Esta alegría no es un sentimiento artificialmente provocado ni un estado
de ánimo pasajero. El amor del Padre nos ha sido revelado en Cristo que
nos ha invitado a entrar en su reino. Él nos ha enseñado a orar diciendo
‘Abba, Padre’ (Rm 8,15; cf. Mt 6,9).
Aparecida, 17.
“ALÉGRENSE DE QUE
SUS NOMBRES ESTÉN
ESCRITOS EN LOS
CIELOS” (Lc 10,20)
EL DOMUND:
UNA CELEBRACIÓN
DE GRACIA Y ALEGRÍA
20. 38 39
El Santo Padre Francisco ha tomado la alegría como el elemento central en su Mensaje para la Jornada
Mundial de las Misiones del presente año (2014); y es que, como dice el Papa, “se trata de una celebración
de gracia y de alegría. De gracia, porque el Espíritu Santo, mandado por el Padre, ofrece sabiduría y
fortaleza a aquellos que son dóciles a su acción. De alegría, porque Jesucristo, Hijo del Padre, enviado
para evangelizar al mundo, sostiene y acompaña nuestra obra misionera” (1).

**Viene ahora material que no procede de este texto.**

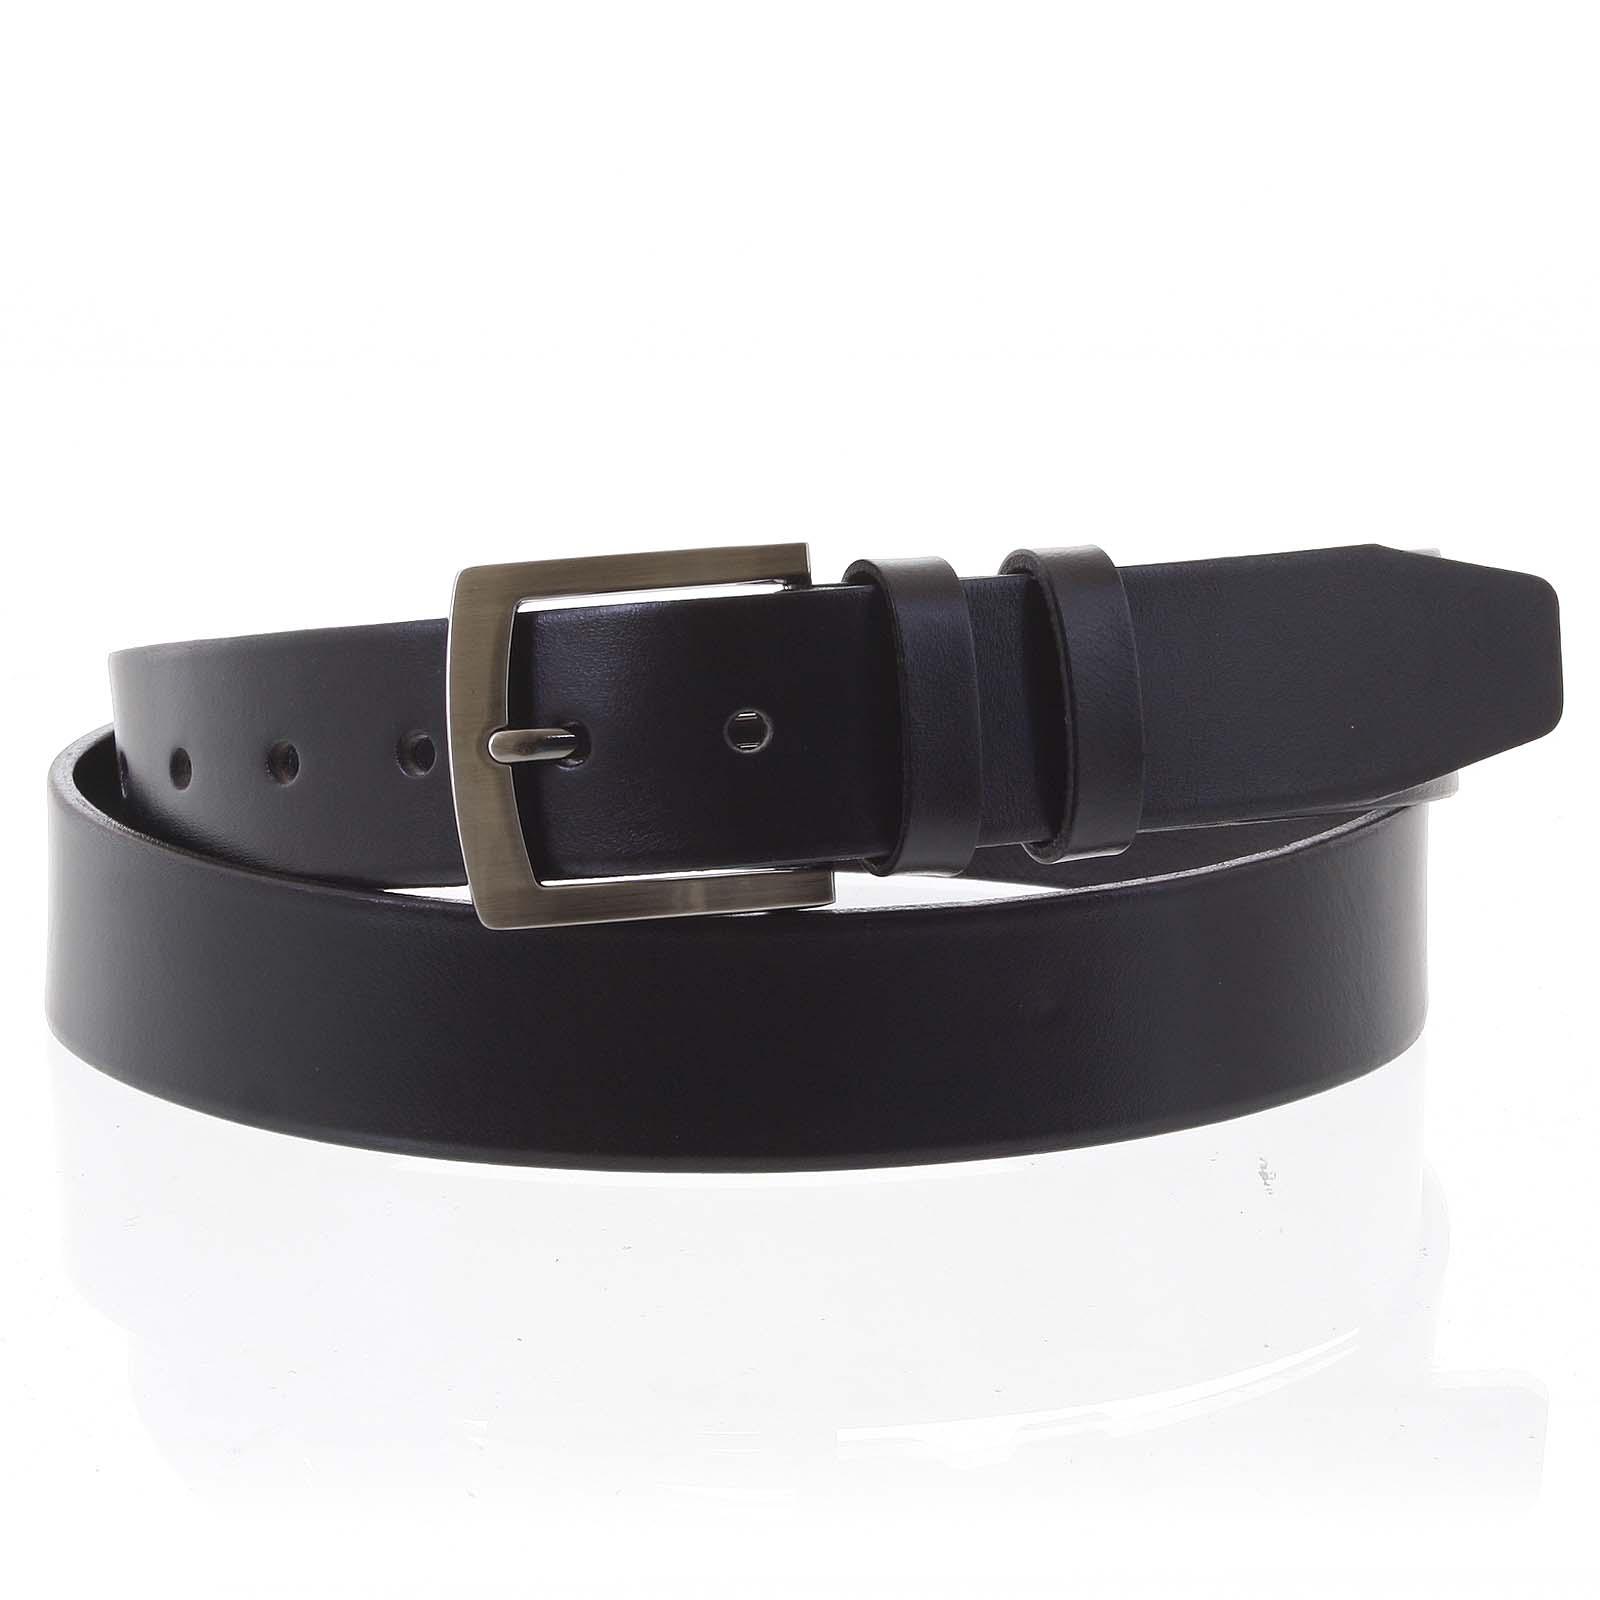 Pánsky kožený opasok jeansový čierny - PB Stach 95

El mismo Santo Padre nos presenta como referencia Lc 10,17.20 que refiere la alegría de algunos discípulos que
habían ido a compartir la Buena Nueva del Reino: “[…] regresaron los setenta y dos, y dijeron alegres: ‘Señor,
hasta los demonios se nos someten en tu nombre’ […] Pero no se alegren de que los espíritus se les sometan;
alégrense de que sus nombres están escritos en los cielos”.

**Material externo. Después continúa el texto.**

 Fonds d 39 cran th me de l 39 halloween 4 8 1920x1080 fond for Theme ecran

Aprovechando la coordenada temática y la referencia bíblica que nos sugiere el Papa, nos proponemos
reflexionar brevemente en el significado de la alegría de los discípulos, según Lc 10,17-24, para poder vislumbrar
algunas exigencias elementales para nuestra misión.

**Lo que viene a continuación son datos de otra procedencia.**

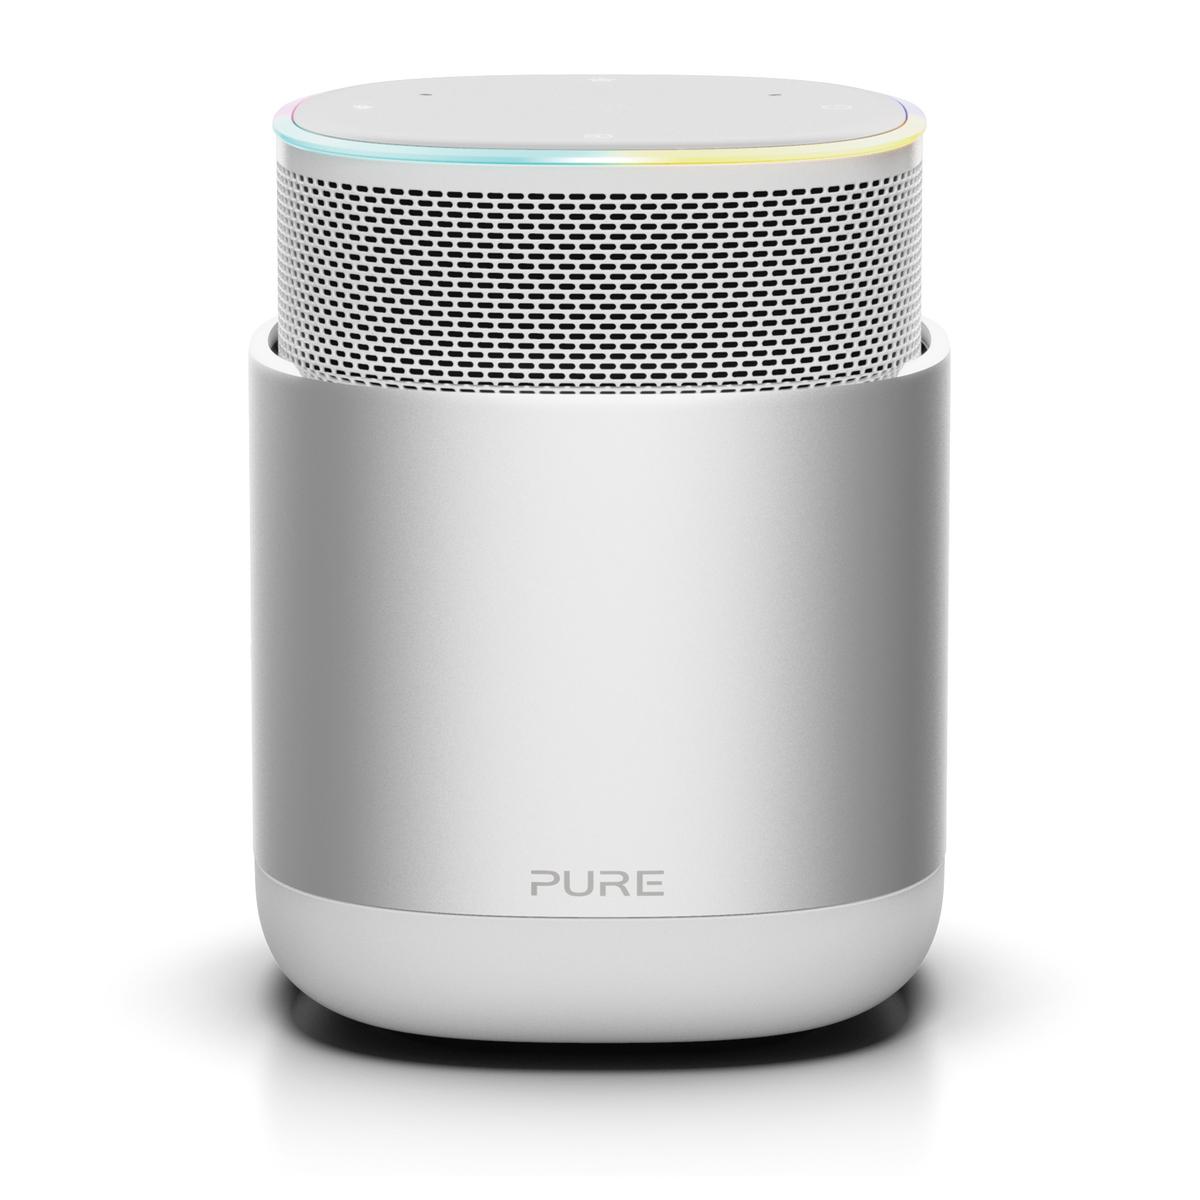 Pure DiscovR Portabler Smart Speaker mit überzeugendem Sicherheits-Feature

1. La alegría por lo que se hace en la misión
Todo ser humano se pone contento por lo que hace; la satisfacción que proporciona una acción realizada es
legítima. De ahí que la alegría de los setenta y dos discípulos al regresar de la misión se entienda perfectamente.
Ellos no sólo habían sometido a los demonios; la construcción de la frase “Señor, hasta (incluso) los demonios
[…]” supone que habían hecho muchas otras cosas —por lo menos las señaladas en 10,5-15—; todas ellas
encomendadas por el Maestro. Más aún, el mismo desarrollo de este pequeño relato nos permite apreciar
que Jesús no descalifica su alegría por lo que han hecho; hasta la ratifica diciéndoles: “Yo veía a Satanás caer
del cielo […]” (v. 18). Es decir, al menos en la primera parte de las palabras de Jesús se confirma que la alegría de
los discípulos tiene su razón de ser; ellos, como los Doce, han recibido “autoridad y poder sobre todos los
demonios” (9,1); y lo han hecho bien.
En el evangelio de Lucas el hacer del discípulo es parte de su identidad. El discípulo debe tener tareas precisas,
como el caso de Pedro, y los apóstoles Santiago y Juan por extensión (5,10); además, el discípulo tiene que
estar al pendiente de lo que se vaya necesitando para el desarrollo de la misión (8,3); debe empeñarse, como
su Maestro, en anunciar la Buena Nueva, aliviar, (9,1.6), anunciar la paz y el Reino (10,5-9). Más aún, el evangelio
exige que, si quiere darle sentido a la existencia (10,25), el discípulo debe realizar acciones transformadoras y
tener actitudes significativas (vv. 29-37). Es decir, el hacer es indispensable en la vida del discípulo misionero, y, de
acuerdo a nuestra reflexión, es motivo de auténtica alegría. Sin embargo, la actuación del discípulo —aquella
que es fuente de auténtica alegría— sólo se entiende desde la gracia que ha recibido del Señor Jesús.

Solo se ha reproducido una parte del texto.